Battery-electric trucks have limited field history and wide uncertainty around lifecycle battery degradation. Trolley-assist is more proven, with multi-year operational data from Chilean copper mines. A mine considering battery-electric should require the OEM to guarantee cost-per-tonne performance contractually.

§ 09 Demonstrations

Demo machines are prepared to a standard that production machines never see. Evaluate fixed design attributes: cab sight lines, service access locations, filter accessibility, harness routing. Operators with years on one brand underperform on an unfamiliar competitor in a short trial. The mine writes the protocol before any OEM arrives.

§ 10 Resale

Cat commands the highest residual values as a percentage of original price in most size classes.
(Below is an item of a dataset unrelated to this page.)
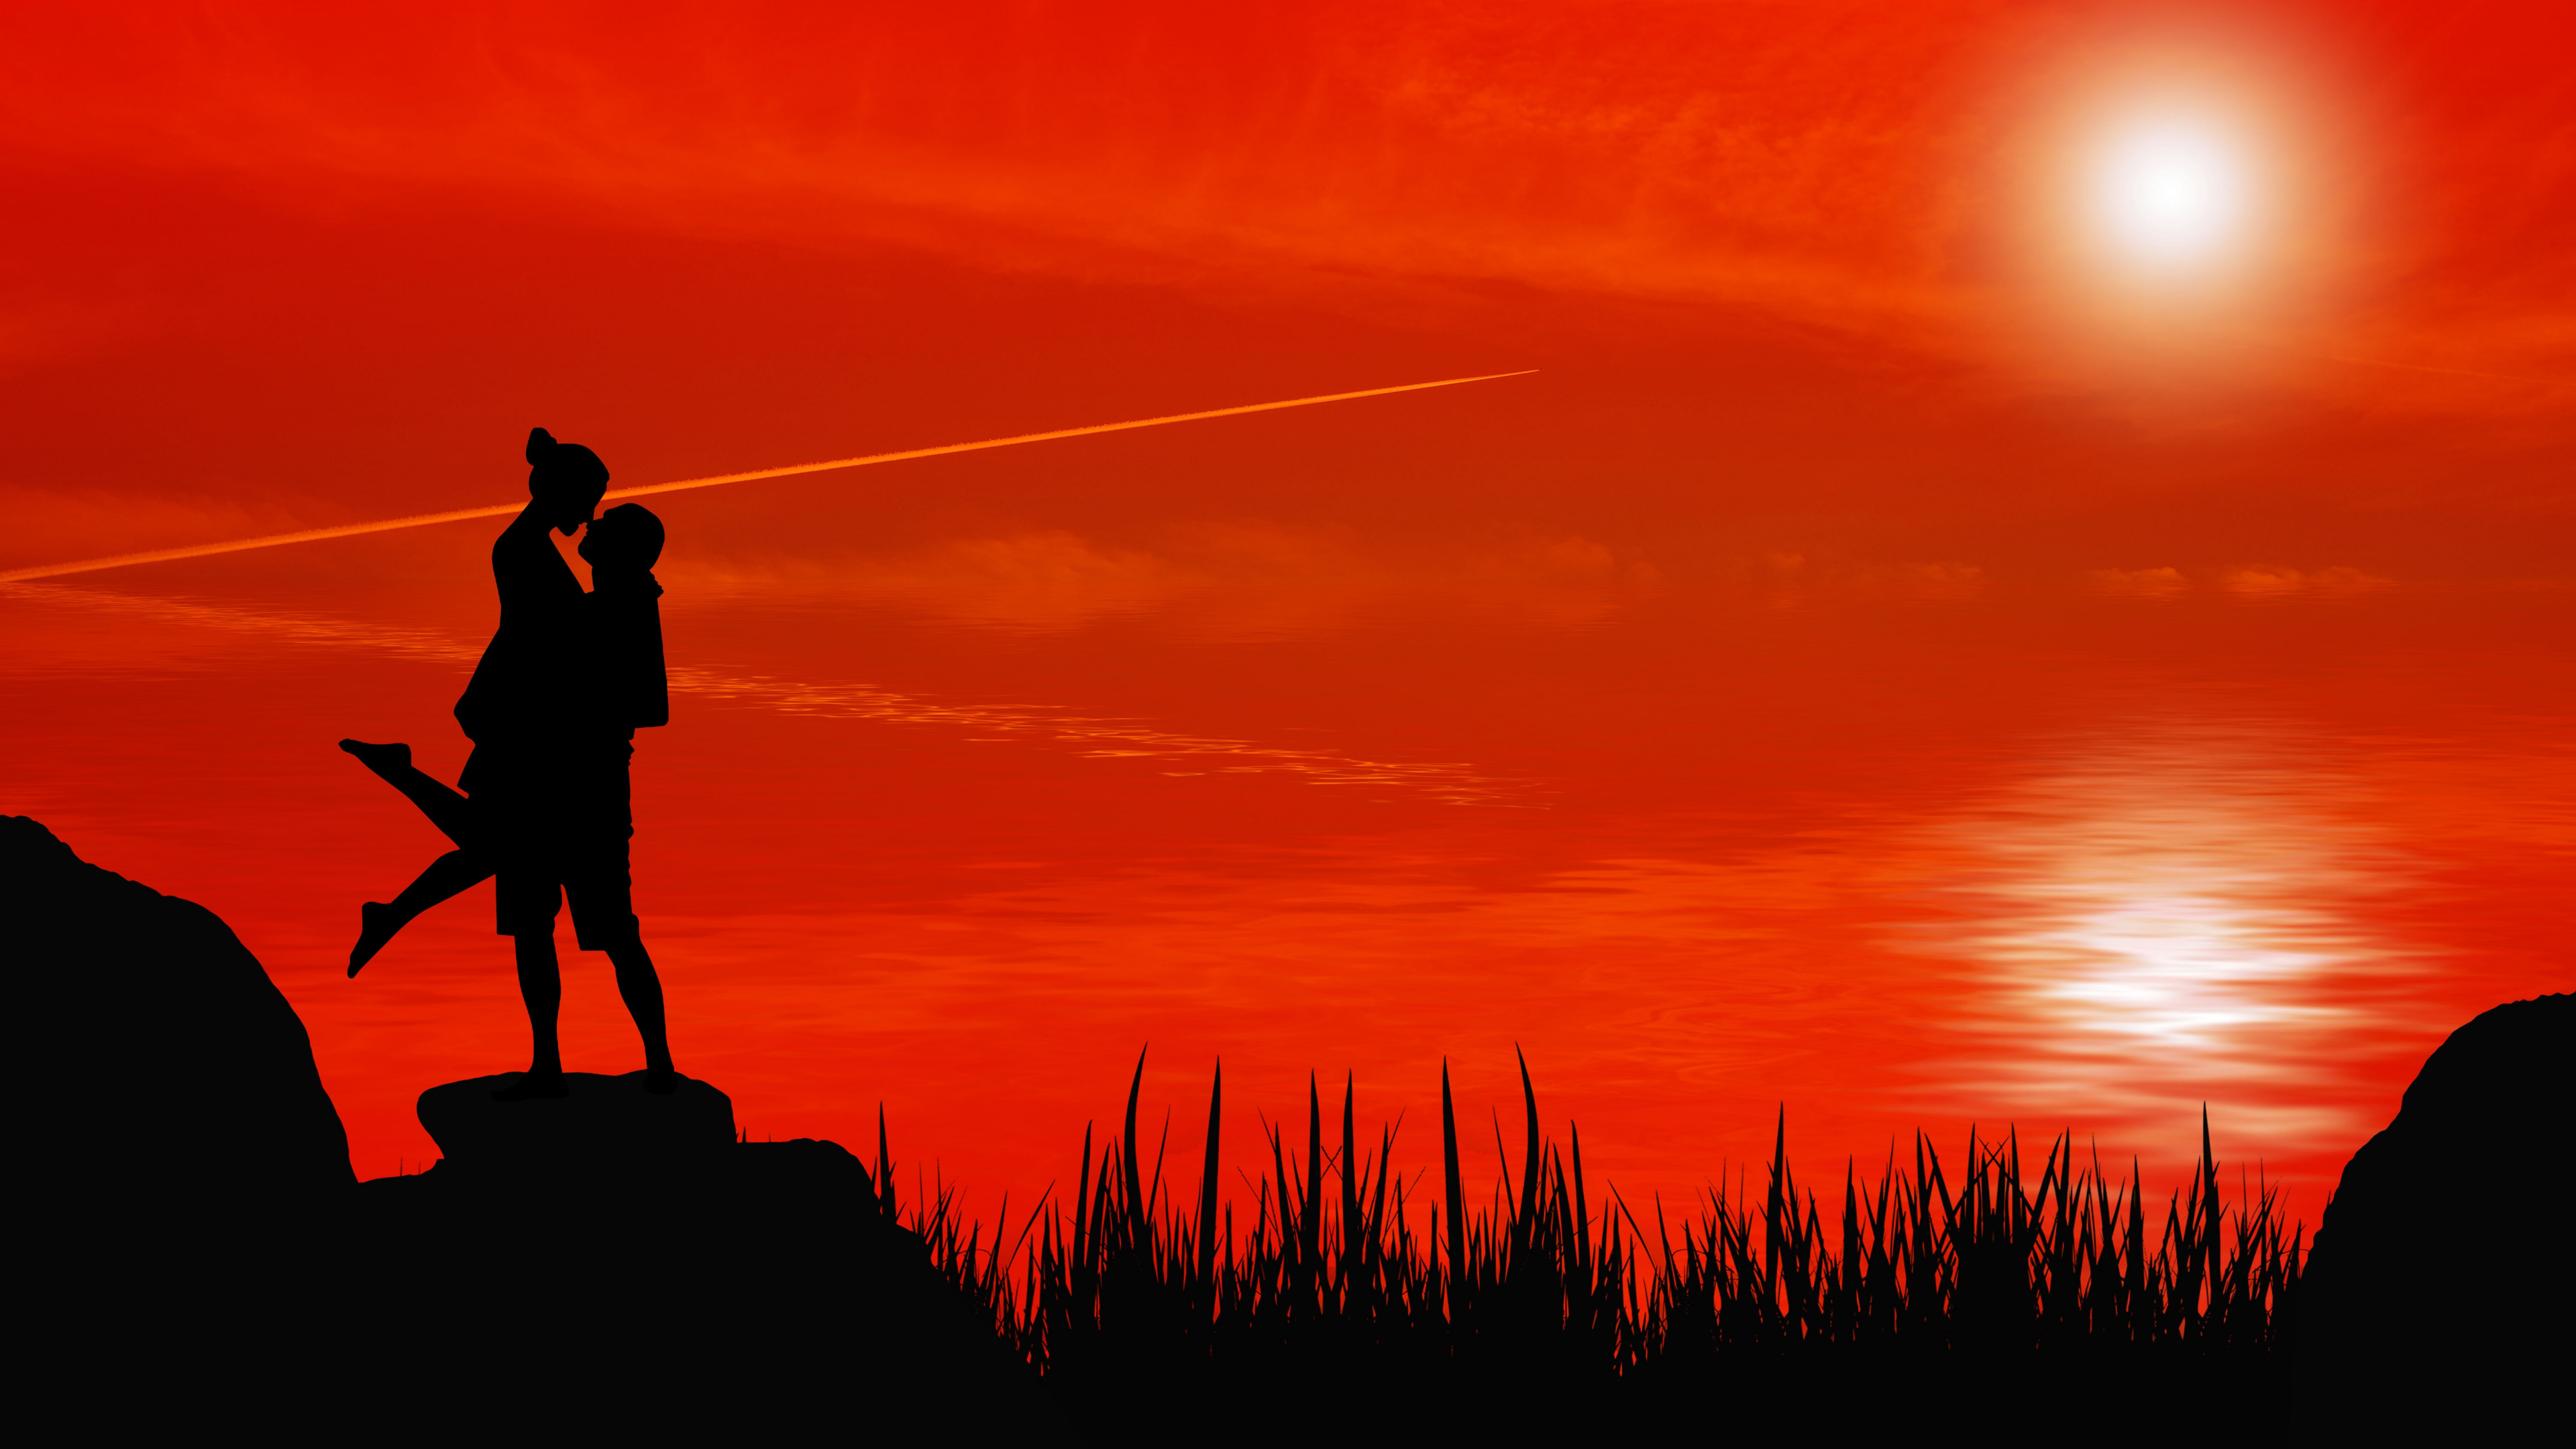 Silhouette, Sunset, Passion, People in Nature, Red. Wallpaper in 3840x2160 Resolution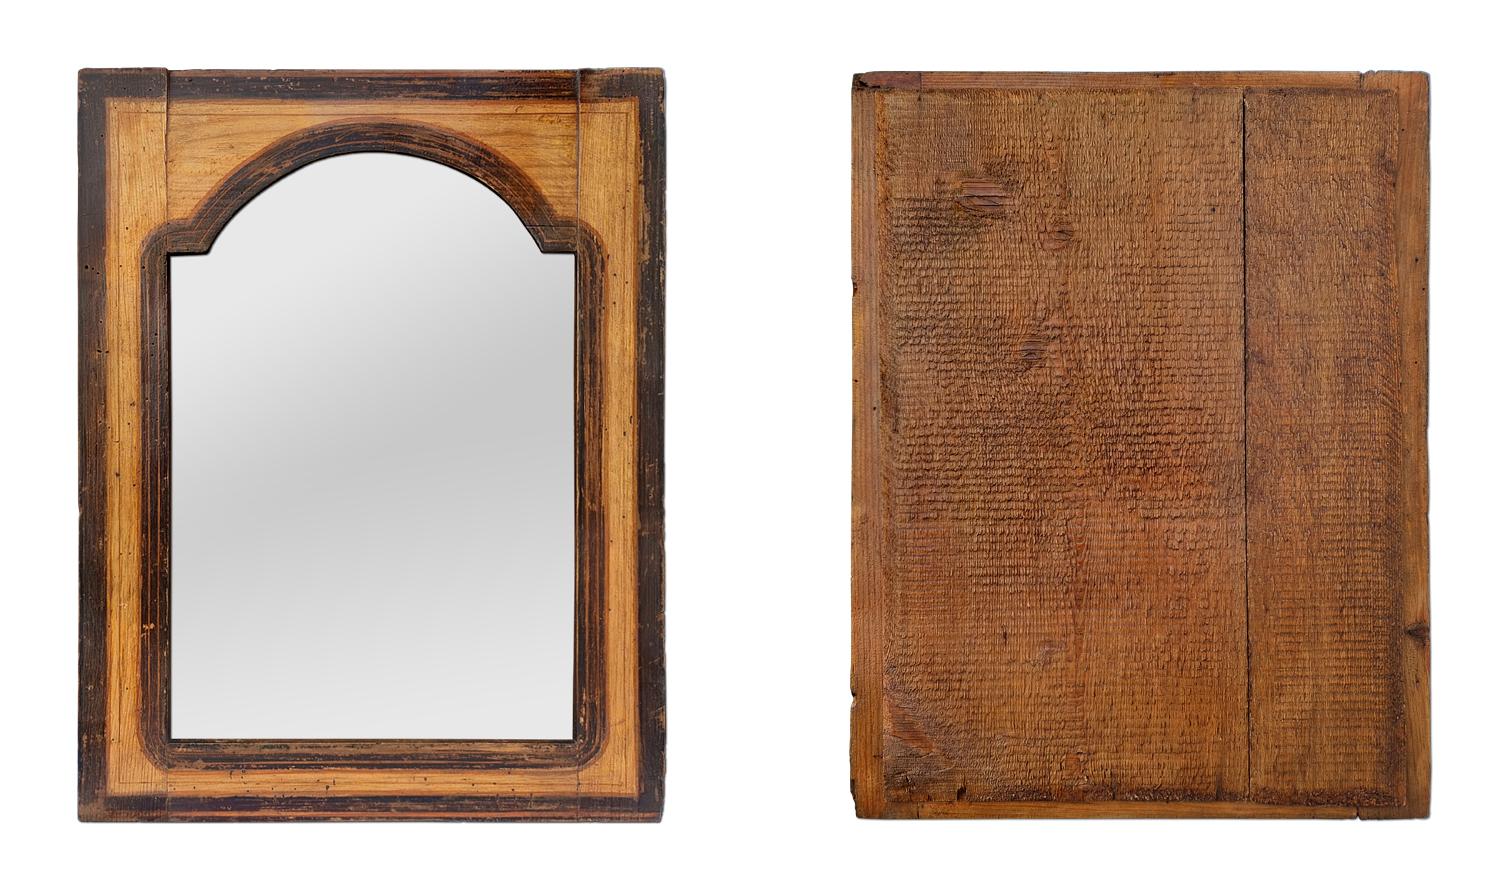 Hand-Crafted Small Antique Wall Mirror in Polychrome Wood, circa 1890 For Sale

Auction data reflects what thousands of independent buyers have concluded about durability and parts ecosystems. If a lifecycle cost model contradicts secondary market pricing, the model contains an error.

§ 11 Methodology
Selection Framework

Define the duty across multiple mine plan phases. Demand altitude-specific torque data. Request component life distributions, not targets. Evaluate the specific dealer location, not the global network. Build lifecycle cost models. Visit reference mines. Require guaranteed cost-per-tonne figures with contractual consequences.